In accounting, a current asset is any asset which can reasonably be expected to be sold, consumed, or exhausted through the normal operations of a business within the current fiscal year or operating cycle or financial year (whichever period is longer). Typical current assets include cash, cash equivalents, short-term investments which in the ordinary activity are mainly related to non-strategic companies in the process of being sold (usually as a result of private negotiations), accounts receivable, stock inventory, supplies, and the portion of prepaid liabilities (sometimes referred to as prepaid expenses) which will be paid within a year. In simple words, assets which are held for a short period are known as current assets.
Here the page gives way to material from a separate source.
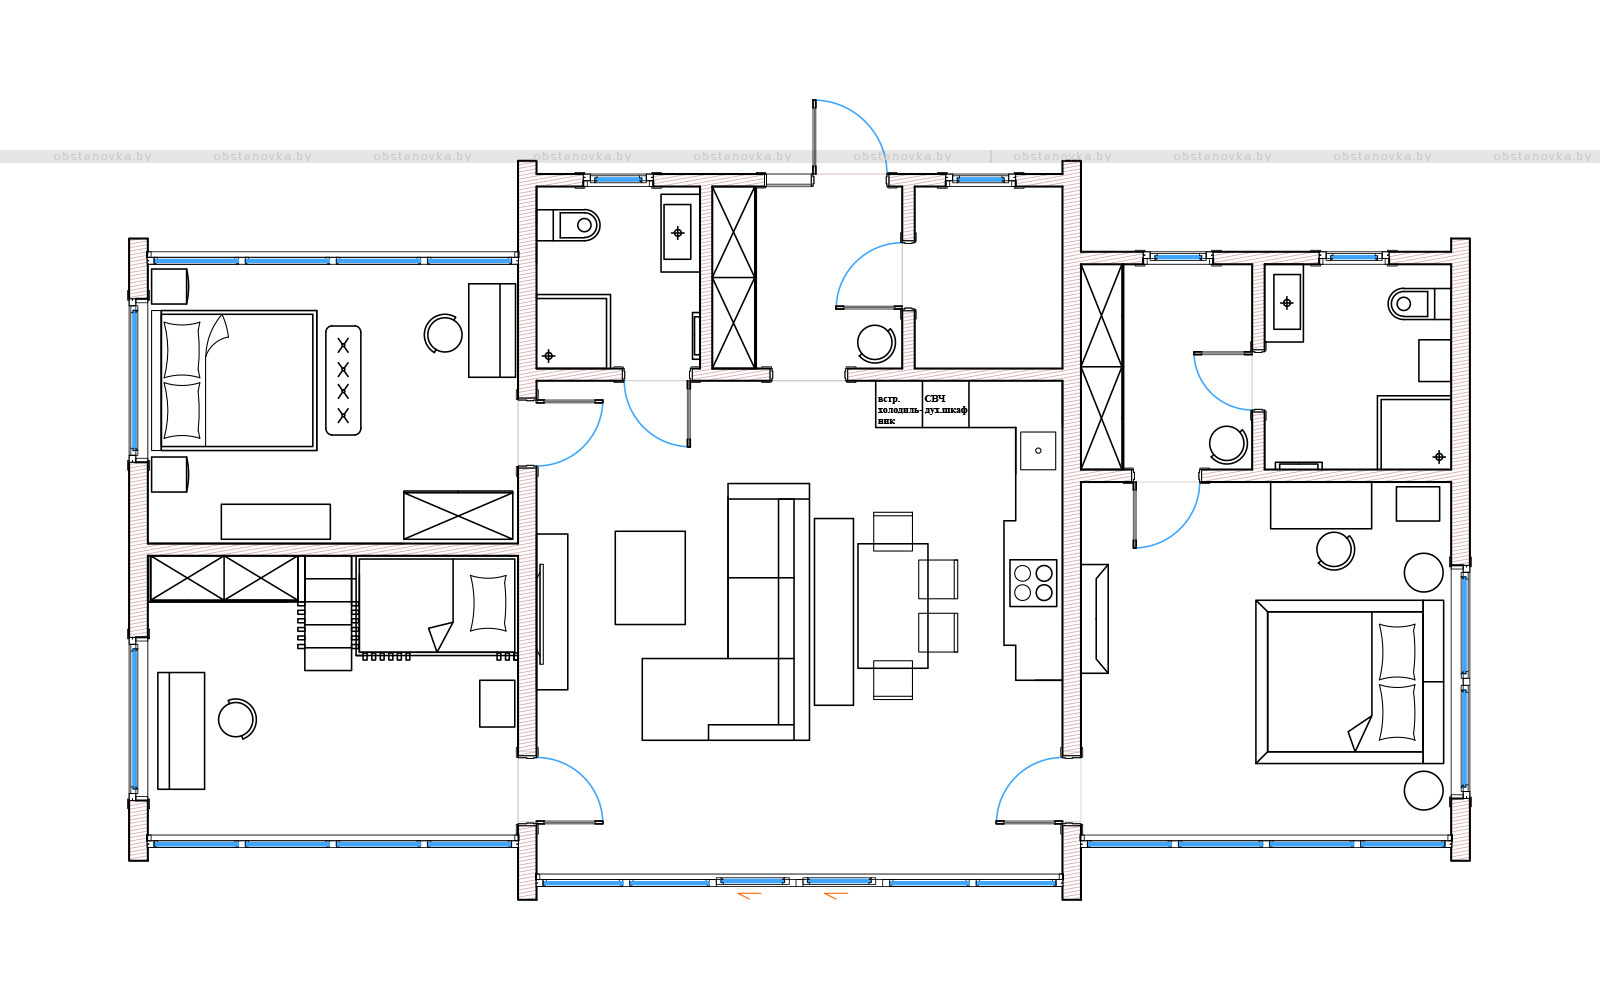 План модульного дома

Such assets are expected to be realised in cash or consumed during the normal operating cycle of the business.
On a balance sheet, assets will typically be classified into current assets and long-term assets. 

The current ratio is calculated by dividing total current assets by total current liabilities. It is frequently used as an indicator of a company's liquidity, which is its ability to meet short-term obligations. The difference between current assets and current liability is referred to as trade working capital.

The quick ratio, or acid-test, measures the ability of a company to use its near cash or quick assets to extinguish or retire its current liabilities immediately. Quick assets are those that can be quickly turned into cash if necessary. It would not be used for substantial period of time such as, normally, twelve months.